> Action item: The required answer is an exact copy of the lines from the one containing "Free download Soccer" to the end of the listing, both included, without any pictures.

> Collected data:
◇ ◇ ◇ ◇

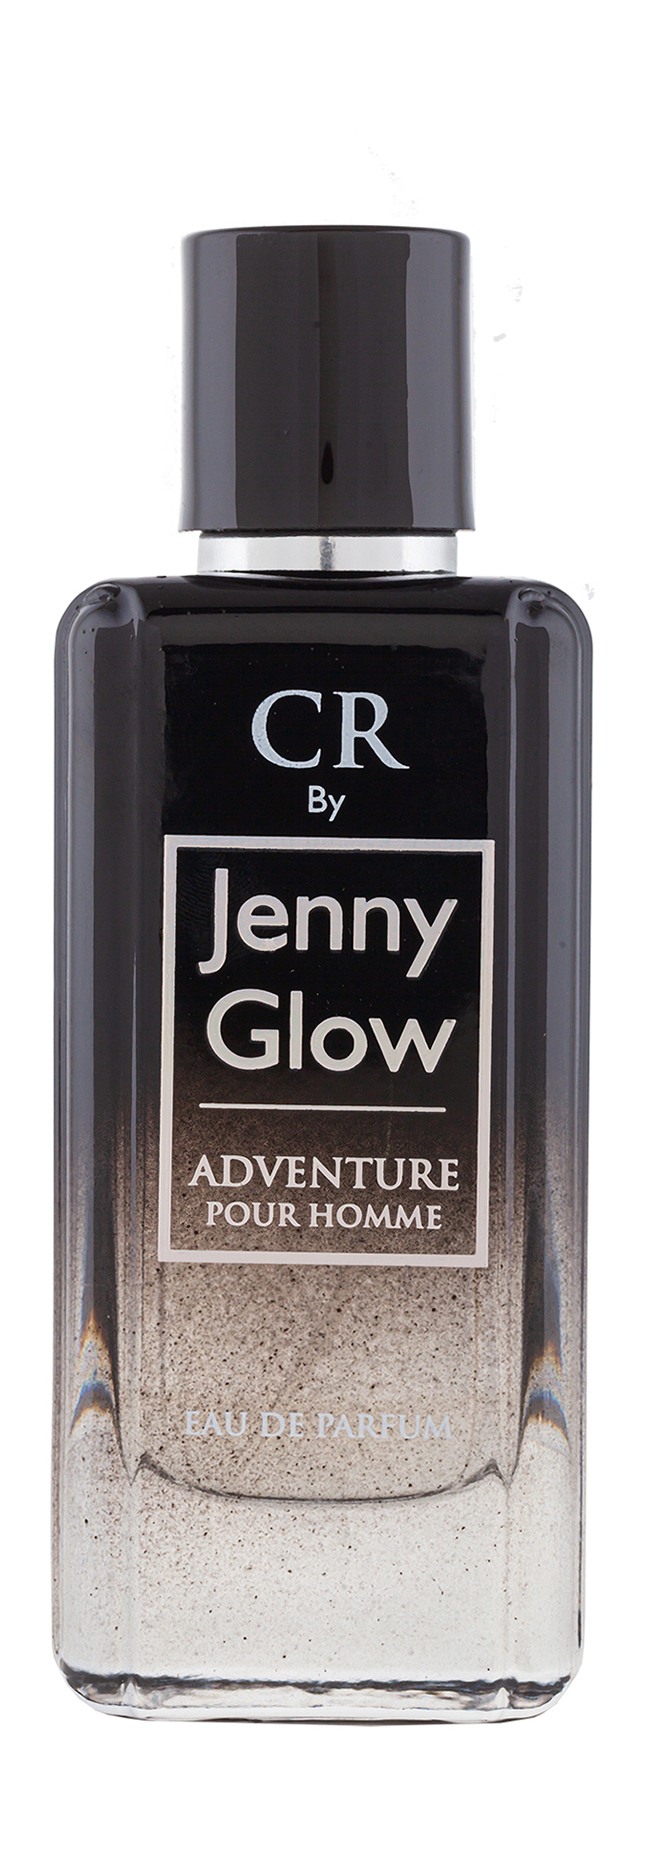 Парфюмерная вода Jenny Glow CR Adventure Pour Homme 50 мл
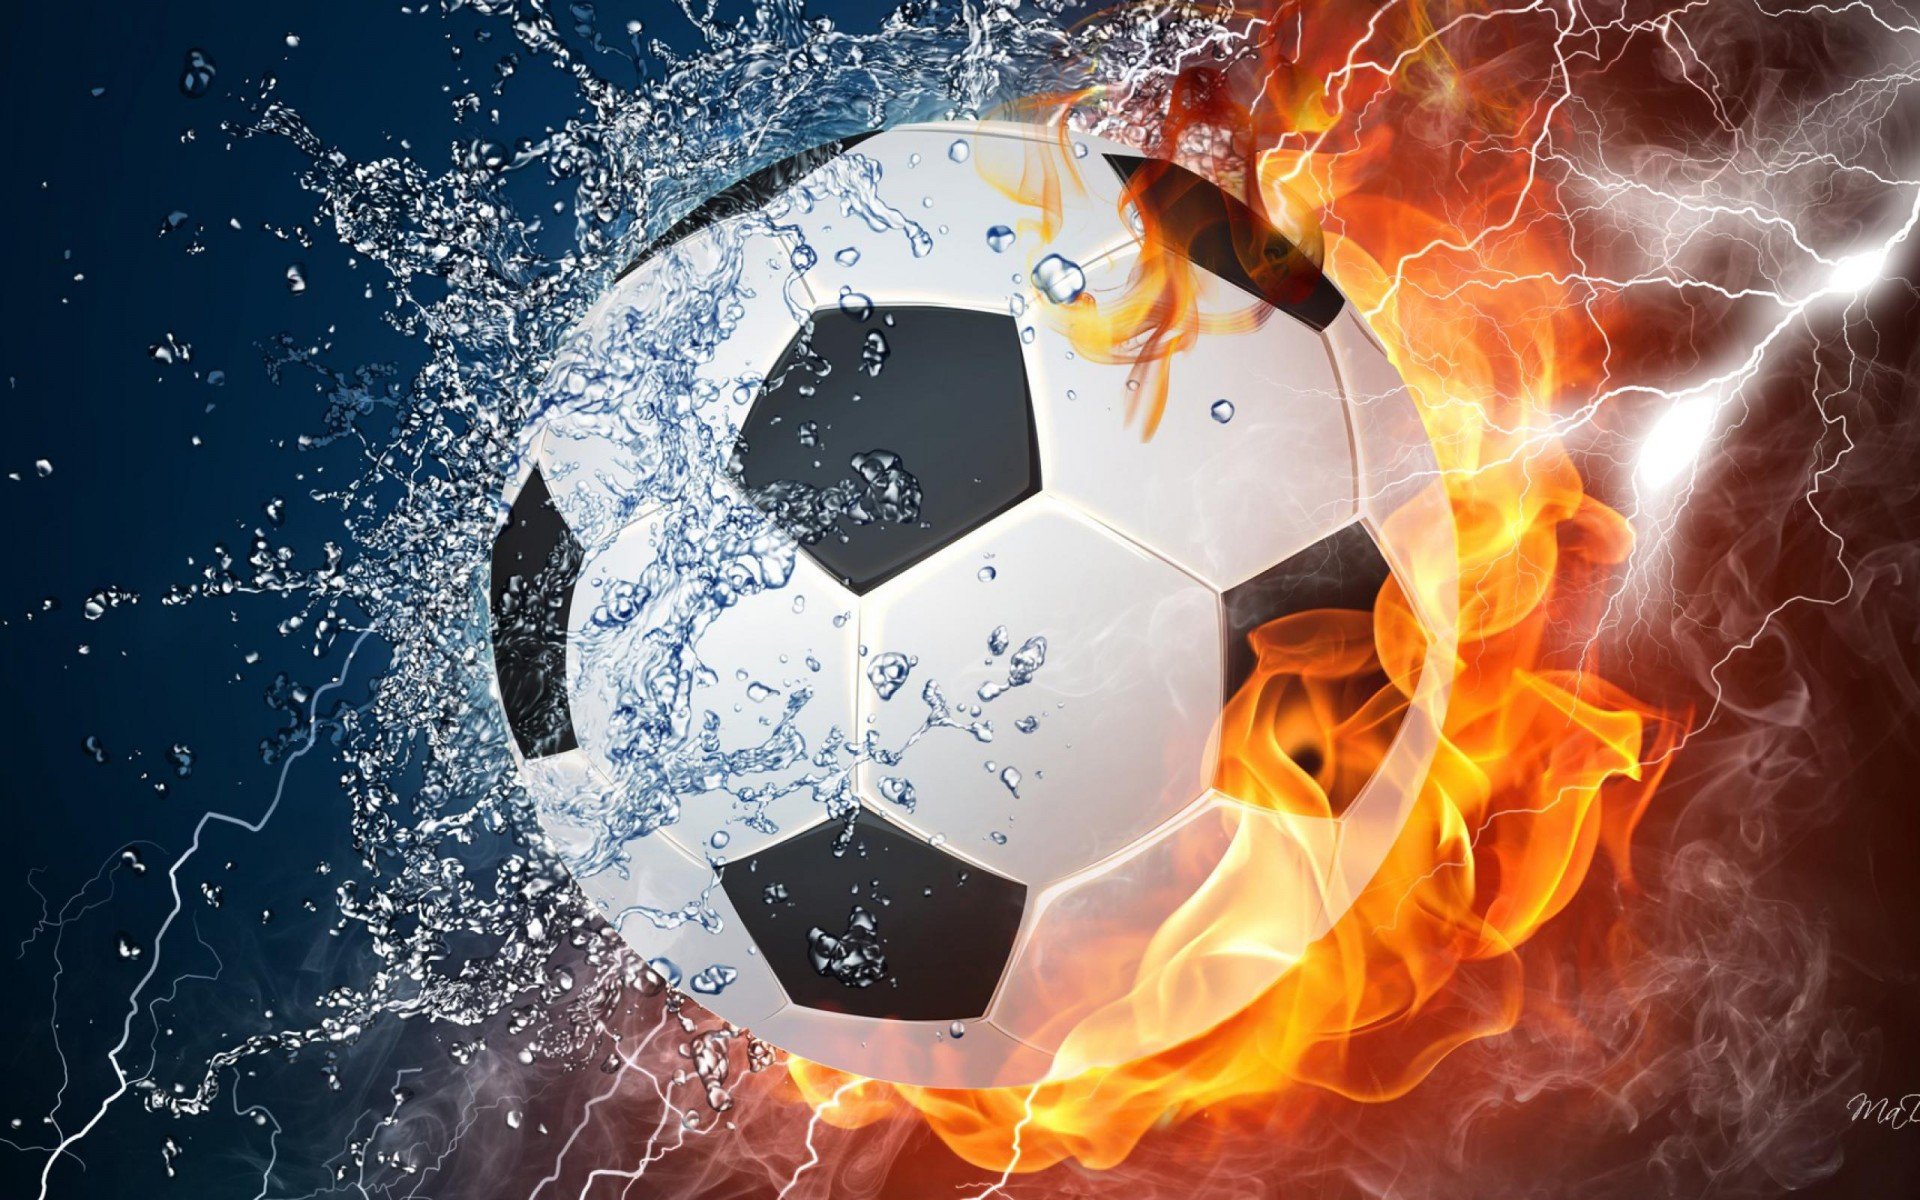 Free download Soccer Ball On Fire wallpaper 999236 [1920x1200] for your Desktop, Mobile & Tablet. Explore Flaming Soccer Ball Wallpaper. Flaming Soccer Ball Wallpaper, Soccer Ball Wallpaper, Soccer Ball Wallpaper
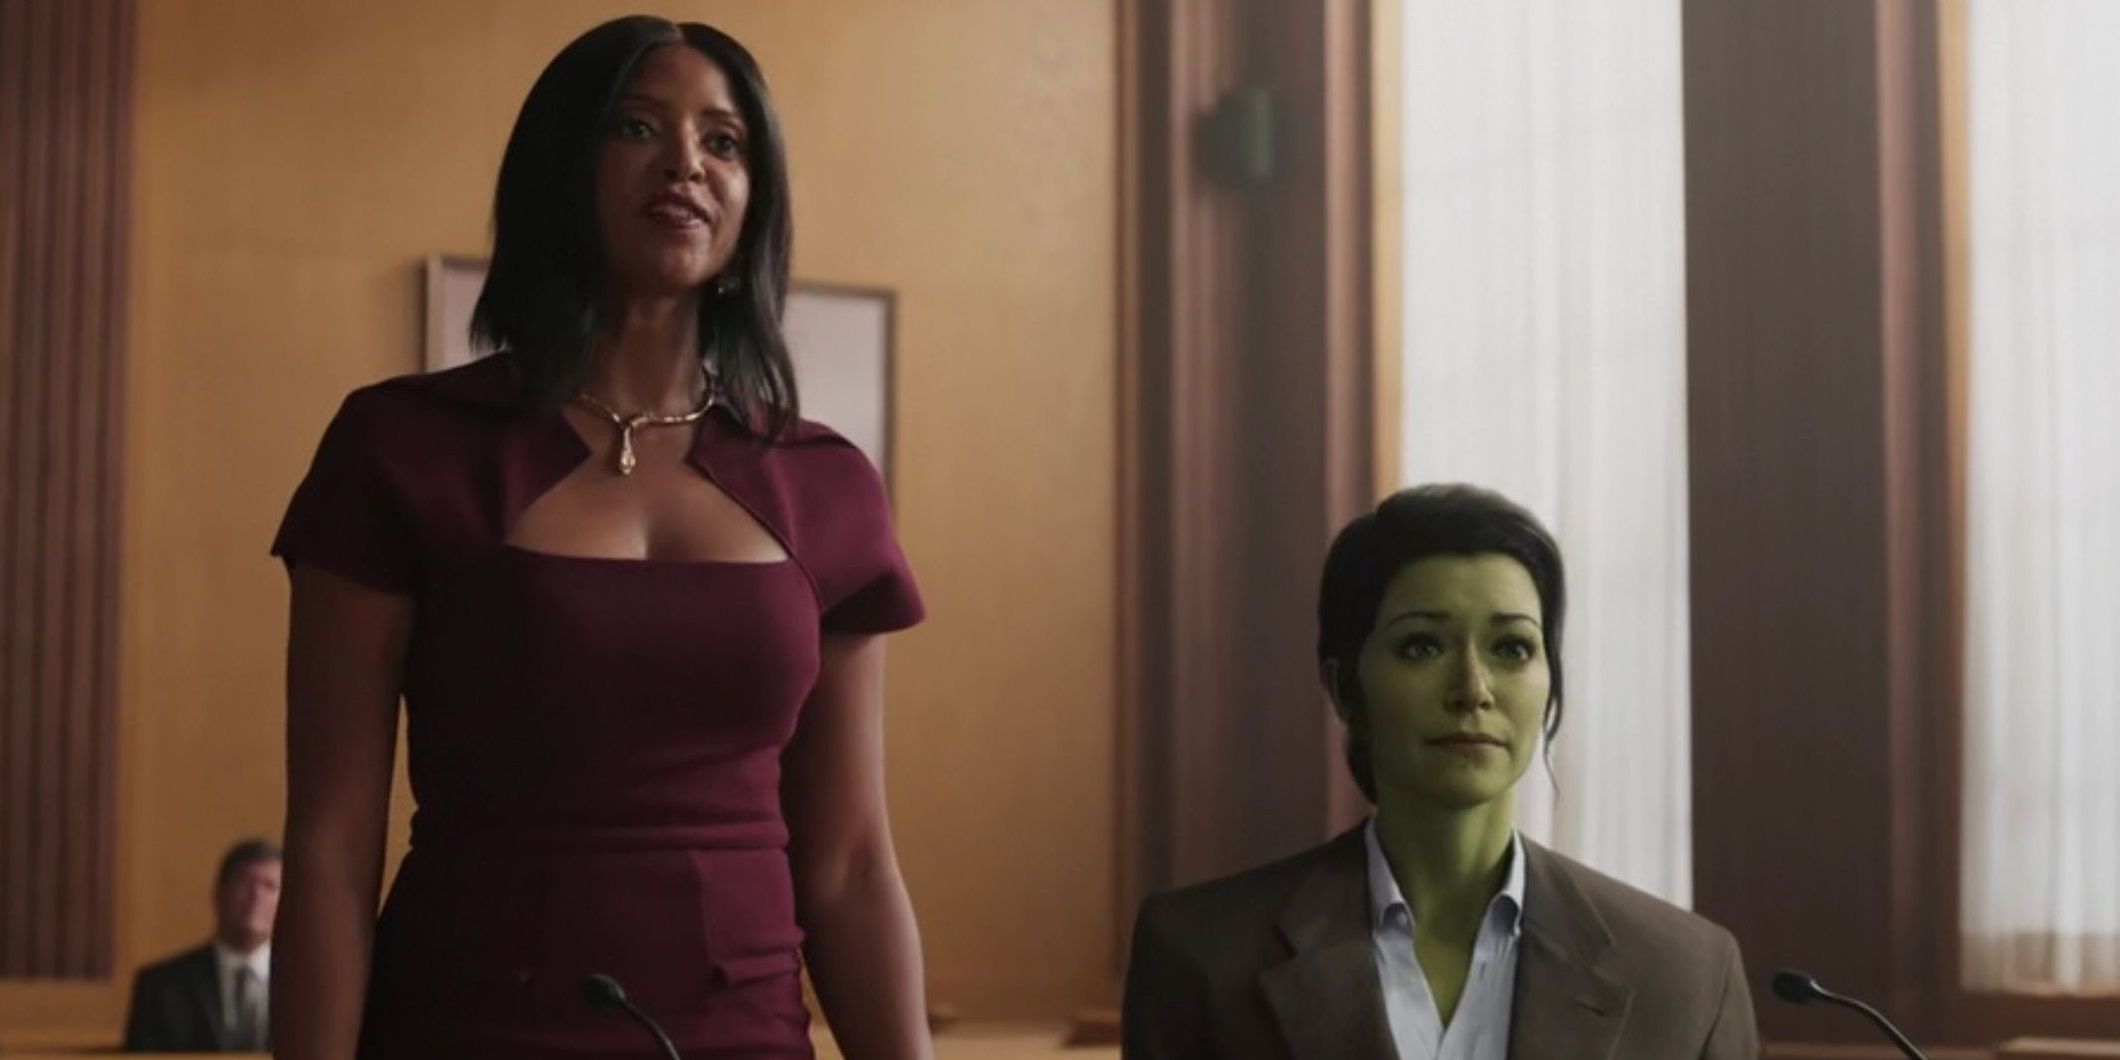 Mallory Book and Jen Walters in court in She-Hulk episode 5

◇ ◇ ◇ ◇

> Written solution:
 Free download Soccer Ball On Fire wallpaper 999236 [1920x1200] for your Desktop, Mobile & Tablet. Explore Flaming Soccer Ball Wallpaper. Flaming Soccer Ball Wallpaper, Soccer Ball Wallpaper, Soccer Ball Wallpaper
 Mallory Book and Jen Walters in court in She-Hulk episode 5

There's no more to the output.